All too often teams beaver away without any creative or strategic input from anyone else. Co-creation accelerates innovation and gets everyone on board, leading to…
Step 3: co-create ideas that can be executed to drive sales and increase engagement with your brand while saving the world.
There are a number of techniques you might use to generate, test and launch these kinds of ideas. The main thing to remember is the resulting process/product/campaign could look nothing like your usual forms of execution. However, results can be, pound-for-pound, measurably more effective. Be brave.
The idea
Exactly what will work for you will vary according to your brand, of course. However, you can identify high-potential projects to test and execute from a fairly short list of indicators.

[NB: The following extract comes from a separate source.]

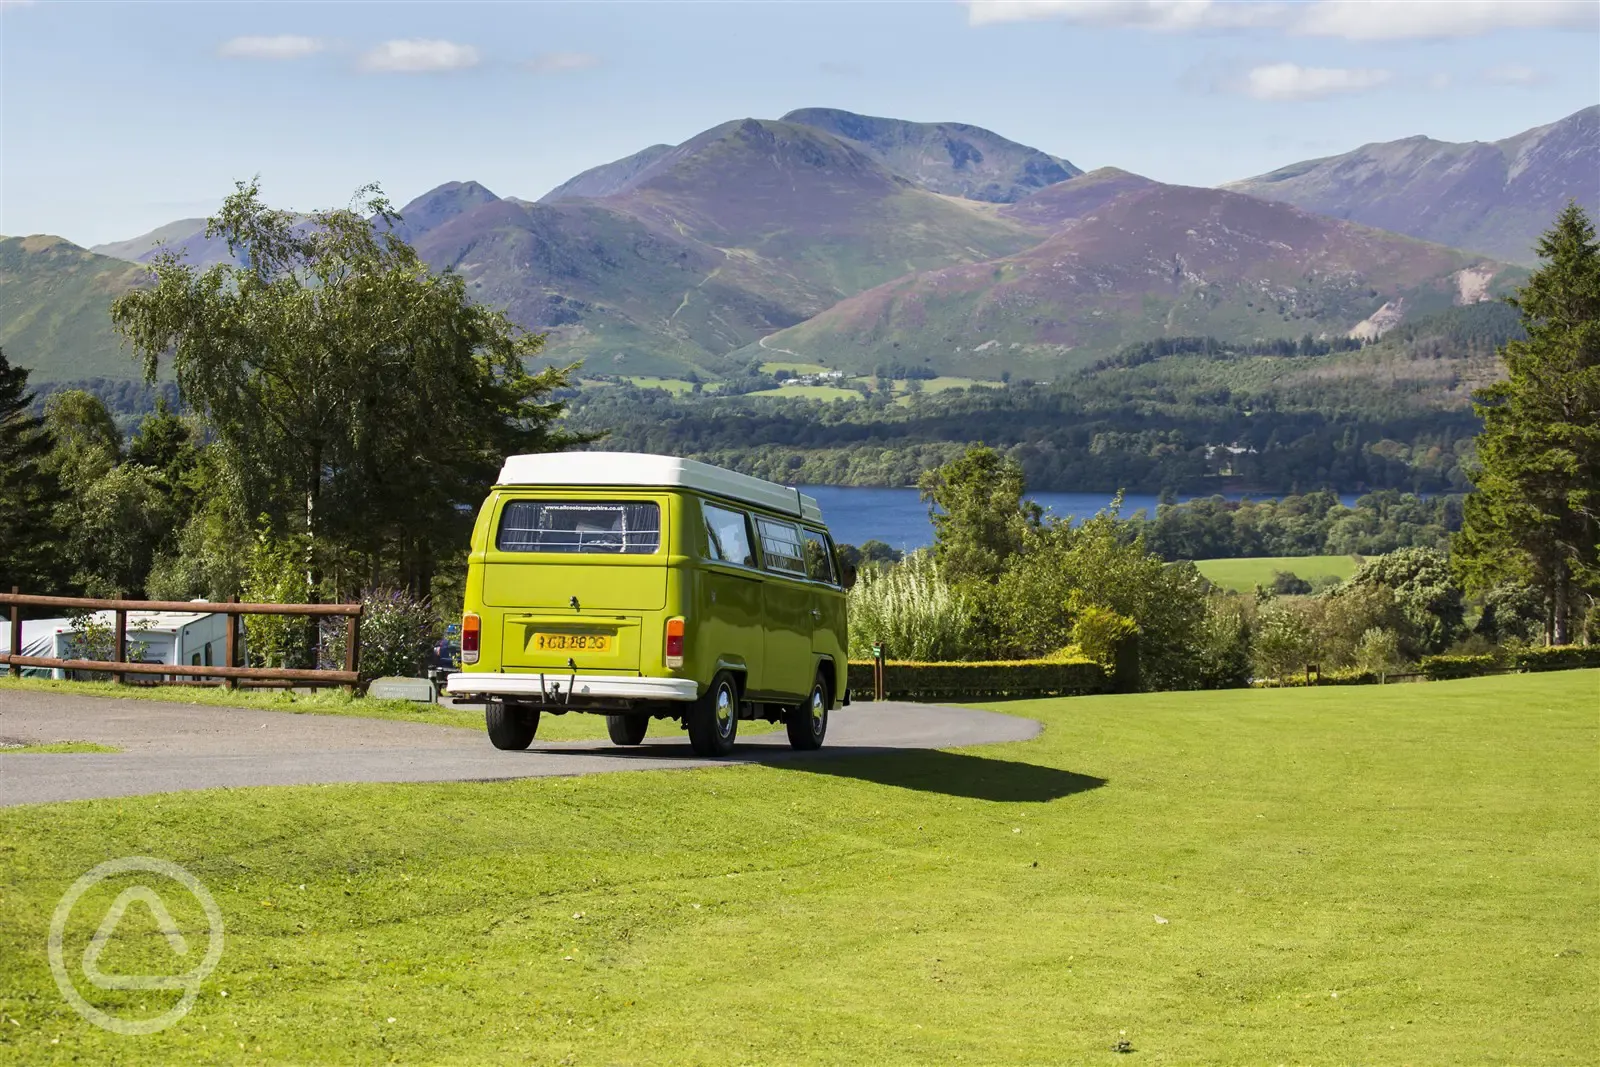 VW Camper arrives on holiday at Castlerigg Hall Caravan and Camping Park

To illustrate, let’s look at a project that ran with (BtB) in the run up to the UK elections in 2015.
BtB is an organisation that empowers young people to take a stake in society as active citizens, including by signing them up to vote. As part of its drive for the 2015 election, BtB wanted to run events to get young people talking about politics.
Starbucks hosted a series of the events and engaging in the project enabled the brand to boost its own CSR credentials.
The project also drove footfall, reached out to new grass roots brand ambassadors and was on message. It helped further position Starbucks as a place where people meet and as a community hub.
How might you apply such indicators to run more brand-boosting projects?
The execution
Not every brand is as close to consumers as Starbucks.
But that's no reason not to get creative. Consider how you might assist NGOs in their day-to-day activities using employees’ existing expertise, for example. That way even non-consumer-facing staff and companies can help. Many NGOs need business plans, financial planning, compliance reviews and financially astute trustees.
If it seems too big a culture-shift, try one project at a time – slowly turning the tanker. It’s actually not all that hard.
An approach incorporating co-creation can do good, drive internal engagement and promote culture change. And you’ll get more effective marketing than business-as-usual too.